Amtrak's wifi does limit heavy data use so more people can use the system. Don't plan to stream anything.


----------



## Philly Amtrak Fan (Sep 22, 2017)

jebr said:


> Philly Amtrak Fan said:
> 
> 
> > I of course have to point this out but the biggest difference is it is the longest trip. It's a 24 hour trip between WAS and CHI compared to a 17 hr 40 min trip between the exact same cities on the CL. That's an extra 6 hr 20 min on a train and you're already spending a lot of time on the trains between SAV and WAS and CHI and DAL. Would you rather spend those 6 hours stuck captive on a train or 6 hours sight seeing around DC? To me the Cardinal is literally a waste of time. Now the Cardinal does have Wi-Fi so those extra 6 hours you can pass the time better vs. the Capitol Limited which doesn't have it (plus the scenery is better from what jebr says, I don't know since I've never taken it). The Capitol Limited has bi-level Superliner cars which are better for sightseeing than the single level Viewliner cars. Going the LSL route you go farther up to New York and then all the way up to Albany before heading west. It would be less train miles/distance than the Cardinal (19 hr, 5 min on LSL from NYP-CHI but you'd spend more time on the Silver Meteor). The most direct route to CHI would be the CL but no wiFi. I don't know how big a deal that is but you mentioned it. There will be wiFi on the Silver Meteor (SM) but not on the Texas Eagle (TE).
> ...


In this case the negative is if the SM runs late you would miss your Cardinal connection. In this case, they'd rebook you on the Capitol Limited anyway (assuming you're not so late you miss that too) but having to rebook could be a pain in the you know what (it was for me when I had to wait in a really long line to rebook my connection at Washington Union Station last time I had to change my connection!) It's less of a hassle to just book the CL at the beginning and if the SM gets in when it should maybe you can go to the ticket counter at WUS to see if you can switch to the Cardinal when there aren't 100 people who have to switch their tickets. I wonder if they tell you that you'd arrive in Chicago later or that's just me.


----------



## oregon pioneer (Sep 22, 2017)

It needs to be pointed out that, in winter (which this trip is), the New River Gorge will be in darkness on a westbound train. Taking the Cardinal eastbound would give you the scenery. Westbound, you will get some pleasant scenery in farmland, but it will be dark by the time you reach the New River Gorge.

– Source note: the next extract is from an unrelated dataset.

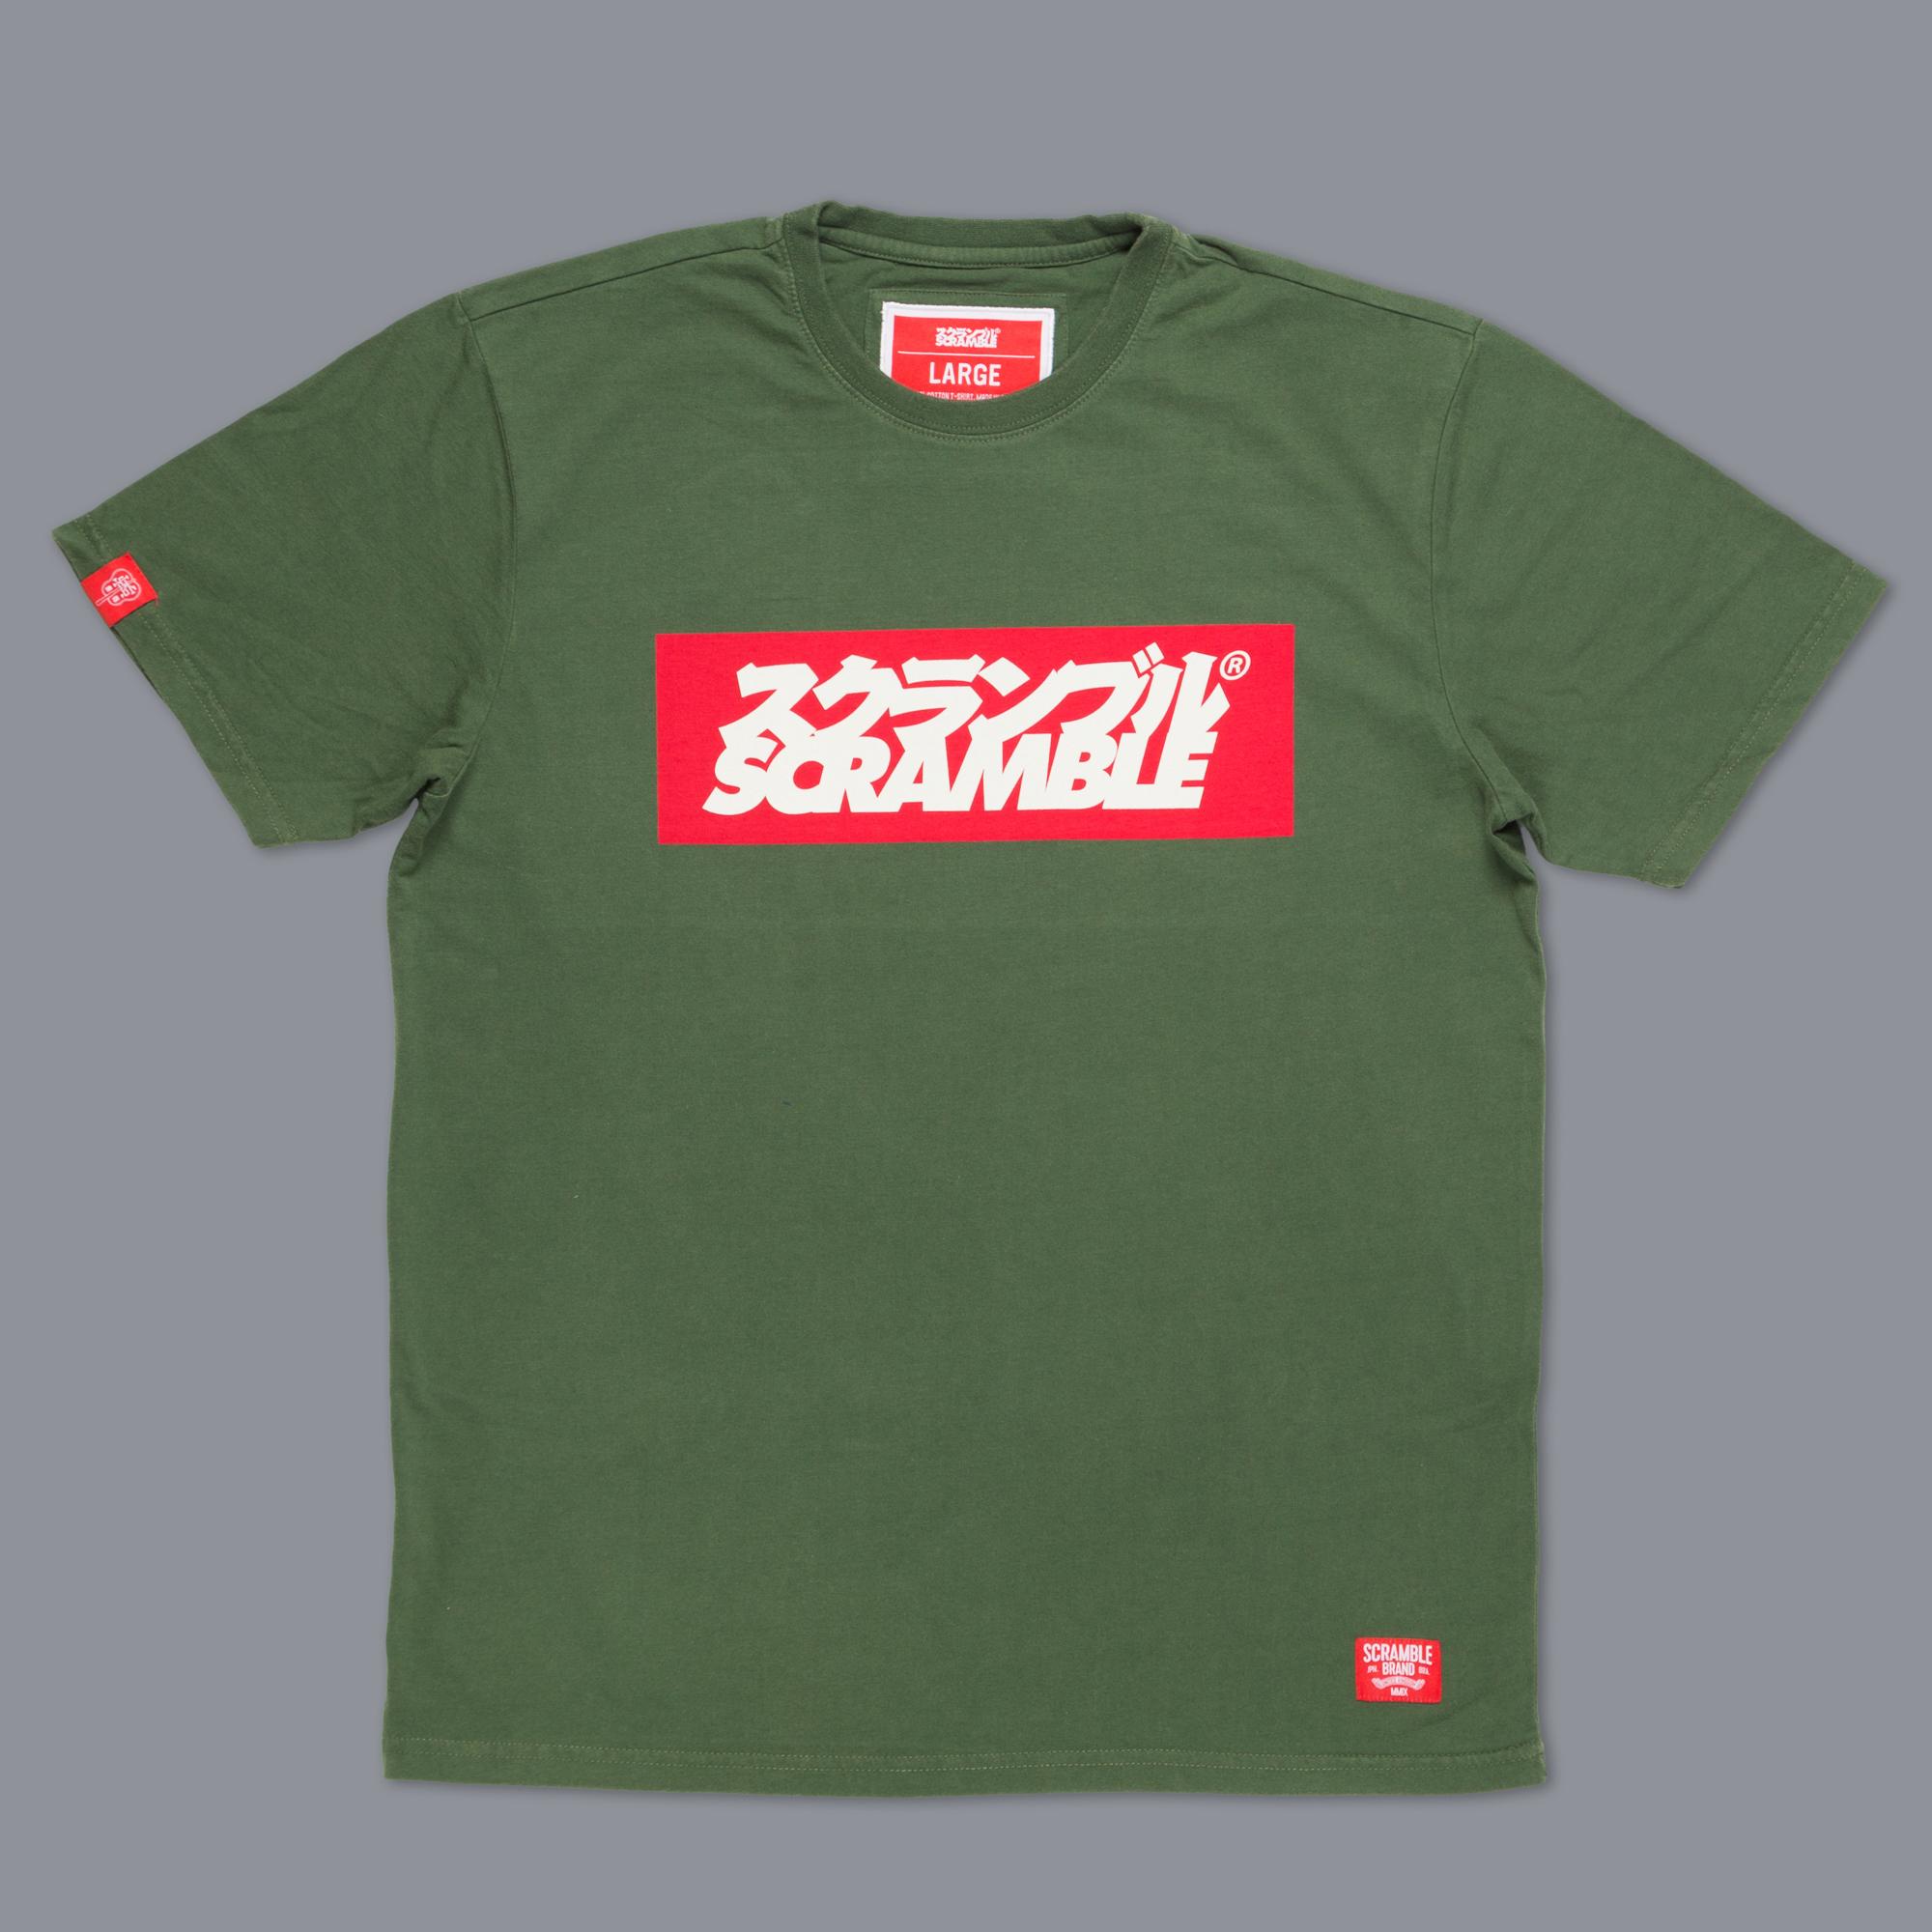 SCRAMBLE ブランドロゴ Tシャツ – グリーン

I have taken the Cardinal eastbound since they put in the wif-fi. It worked adequately (if slowly) for low-bandwidth needs like checking email and light browsing. Transferring attachments would probably work, if they are not too large. There was no wi-fi signal at all in the New River Gorge, due to the terrain. I'm assuming no one's cell phone worked there either! But I would not have wanted to be on my computer at all in that portion, because the scenery was so beautiful. The big advantage to doing that trip in winter is that you can see a lot more of the river when the tree branches are bare of leaves. Your Dad should download a map of the Gorge on his ipad before you lose your signal.

If you are doing the trip in both directions, and the wi-fi is important to you, I'd go for:

westbound: change at NYP. The Lakeshore Ltd has wi-fi now, correct? I hope so, I'm booked on it this winter!

eastbound: take the Cardinal from Chicago to Washington.

In either direction, if your train is running late, and likely to miss the connection, they may re-book you automatically on a train with a longer connection window. But barring a nasty early winter storm, or freight incident, you are quite likely to make all your connections.


----------



## me_little_me (Sep 22, 2017)

PVD said:


> As a sleeper passenger, you are also entitled to lounge use in Chicago, NY, or Washington. It is a place to relax while waiting, or drop carry ons while exploring a city if time and weather are cooperative.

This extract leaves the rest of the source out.